La Cour rappelle en premier lieu que les titulaires de droits jouissant du droit exclusif d’autoriser ou d’interdire tout acte de mise à la disposition du public, il doit être constaté qu’un acte de mise à la disposition du public d’un objet protégé sur un site Internet effectué sans le consentement des titulaires de droits porte atteinte au droit d’auteur et aux droits voisins. En second lieu, elle estime que  » vu que le fournisseur d’accès à Internet est un acteur obligé de toute transmission sur Internet d’une contrefaçon entre l’un de ses clients et un tiers, puisque, en octroyant l’accès au réseau, il rend possible cette transmission (voir, en ce sens, ordonnance du 19 février 2009, LSG-Gesellschaft zur Wahrnehmung von Leistungsschutzrechten, C‑557/07, Rec. p. I‑1227, point 44), il y a lieu de considérer qu’un fournisseur d’accès à Internet, tel que celui en cause au principal, qui permet à ses clients d’accéder à des objets protégés mis à la disposition du public sur Internet par un tiers, est un intermédiaire dont les services sont utilisés pour porter atteinte à un droit d’auteur ou à un droit voisin au sens de l’article 8, paragraphe 3, de la directive 2001/29. »
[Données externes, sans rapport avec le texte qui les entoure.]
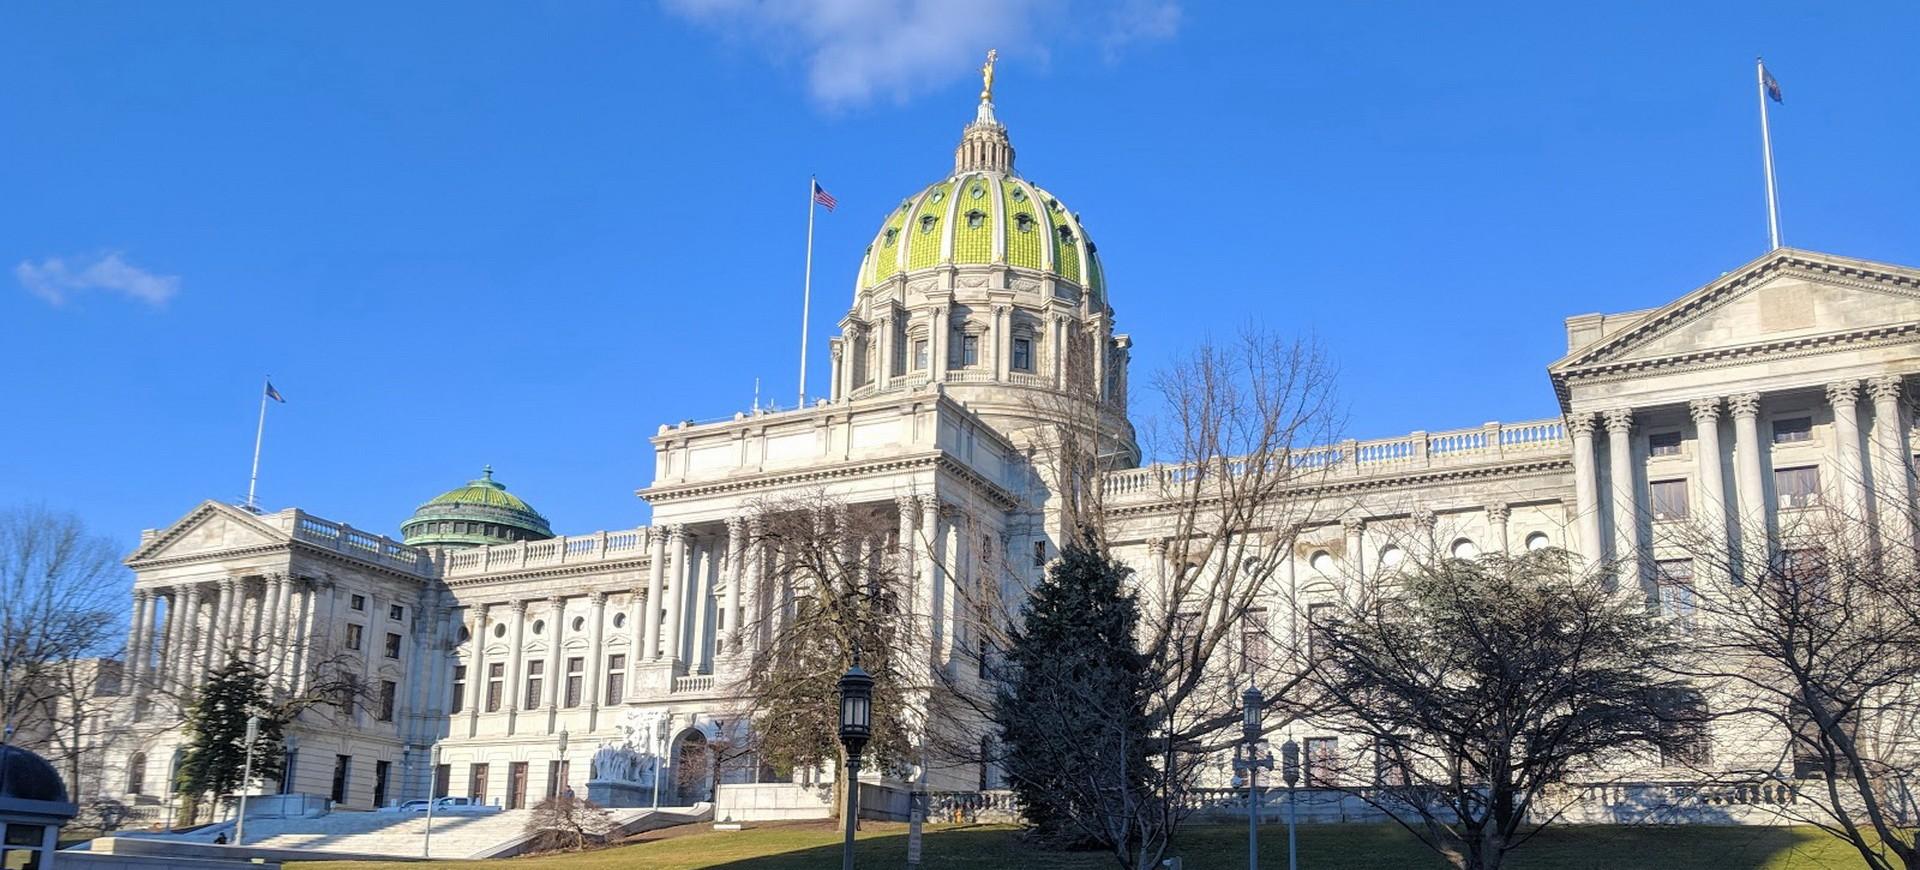 Etats-Unis Harrisburg Pennsylvania State Capitol

Sur un autre plan, la Cour juge que « Les droits fondamentaux reconnus par le droit de l’Union doivent être interprétés en ce sens qu’ils ne s’opposent pas à ce qu’il soit fait interdiction, au moyen d’une injonction prononcée par un juge, à un fournisseur d’accès à Internet d’accorder à ses clients l’accès à un site Internet mettant en ligne des objets protégés sans l’accord des titulaires de droits, lorsque cette injonction ne précise pas quelles mesures ce fournisseur d’accès doit prendre et que ce dernier peut échapper aux astreintes visant à réprimer la violation de ladite injonction en prouvant qu’il a pris toutes les mesures raisonnables, à condition cependant que, d’une part, les mesures prises ne privent pas inutilement les utilisateurs d’Internet de la possibilité d’accéder de façon licite aux informations disponibles et, d’autre part, que ces mesures aient pour effet d’empêcher ou, au moins, de rendre difficilement réalisables les consultations non autorisées des objets protégés et de décourager sérieusement les utilisateurs d’Internet ayant recours aux services du destinataire de cette même injonction de consulter ces objets mis à leur disposition en violation du droit de propriété intellectuelle, ce qu’il appartient aux autorités et aux juridictions nationales de vérifier ».